In grammar school I learned that only the birds and mammals cared for their young. Later I learned that crocodiles and alligators build and protect nests, but largely the "lower lifeforms" do little after laying their eggs. Aside from the social insects that feed, protect and rear the young into adulthood, parental care is relatively rare in the insect world.

Of course there are exceptions. Take many members of the giant waterbug (family Belostomatidae). The female cements the eggs to the male's back and, through the sheer self preservation, he protects the young. Among the spiders, scorpions and centipedes, however, there are a great many examples. I have often observed female American house spiders (Parasteatoda tepidariorum) building a web and case in which females lay eggs. After they hatch, babies may stay many days in the mother's web feeding on whatever may be netted.

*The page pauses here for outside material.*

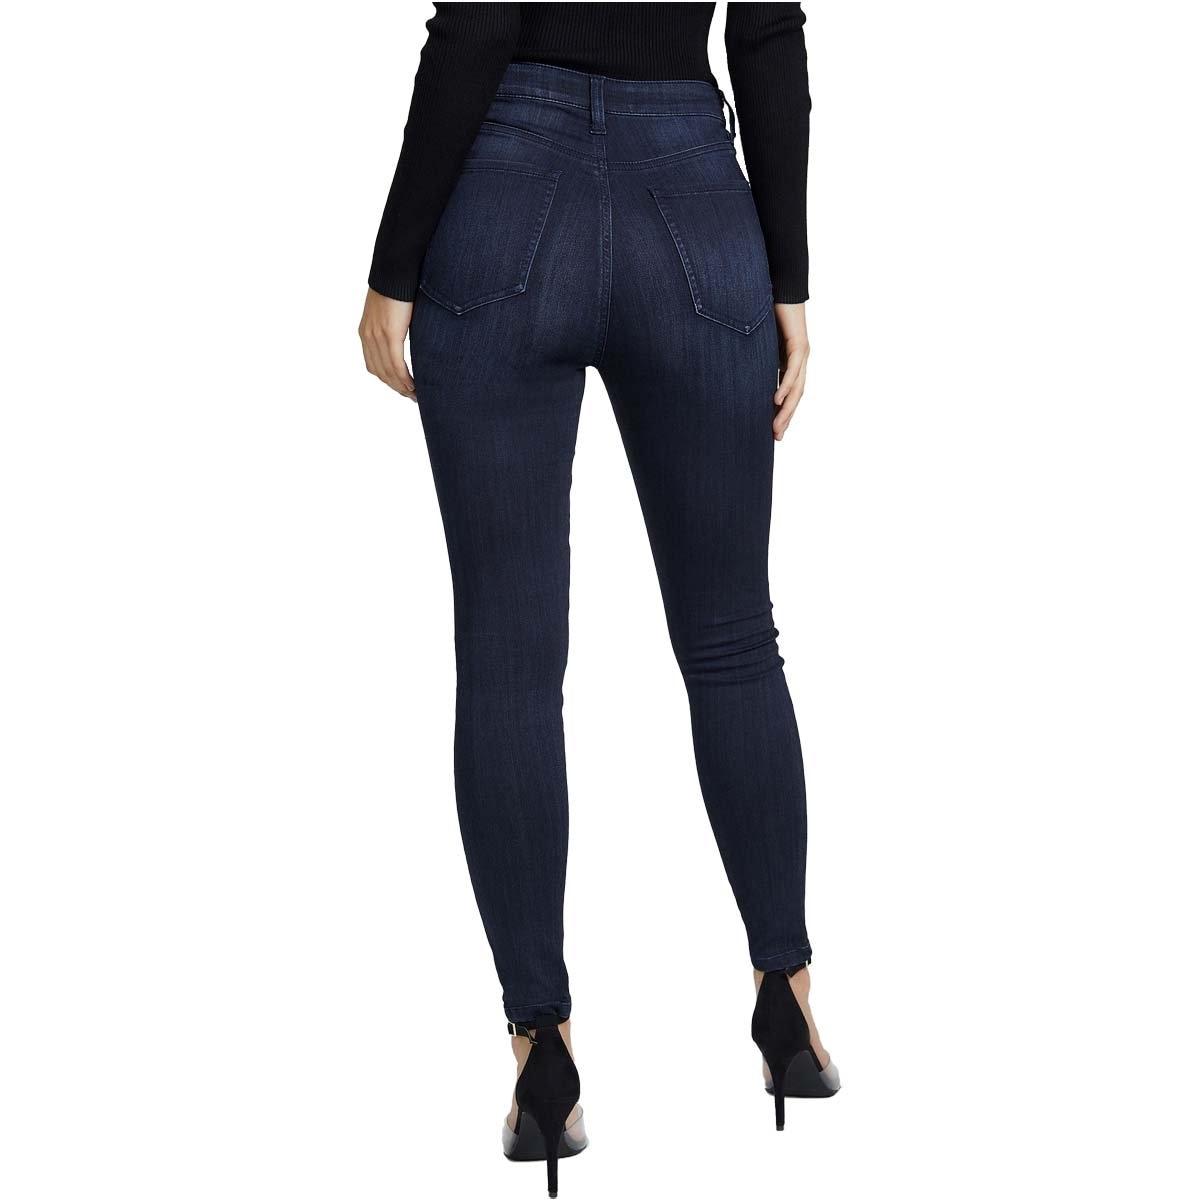 Jeans Denim G By Guess para Dama

The common little wolf spider (family Lycosidae), which does not spin a web in my yard, carries an egg sack around on her abdomen until the spiderlings hatch and then, for a few days, carries them on her back. A little while ago, as I was dismantling an old wood pile, I happened across three mother centipedes (Scolopocryptops gracilis) each tenaciously protecting their clutch.

The black lace weaver, a species of spider which does not live around here, probably takes the cake as a "good mother." Amaurobius ferox lays her eggs, tends the web and once they have hatched, lays a second set of eggs for the babies to consume. They molt once and then she actively encourages them to eat her, which they do. She is a member of the "hacklemesh" family of spiders of which there are local examples. Do they behave in the same way? No one knows. It has been said, "wherever you are you are within six feet of a spider," so, that very same drama might just be playing itself this very minute inside one of your walls.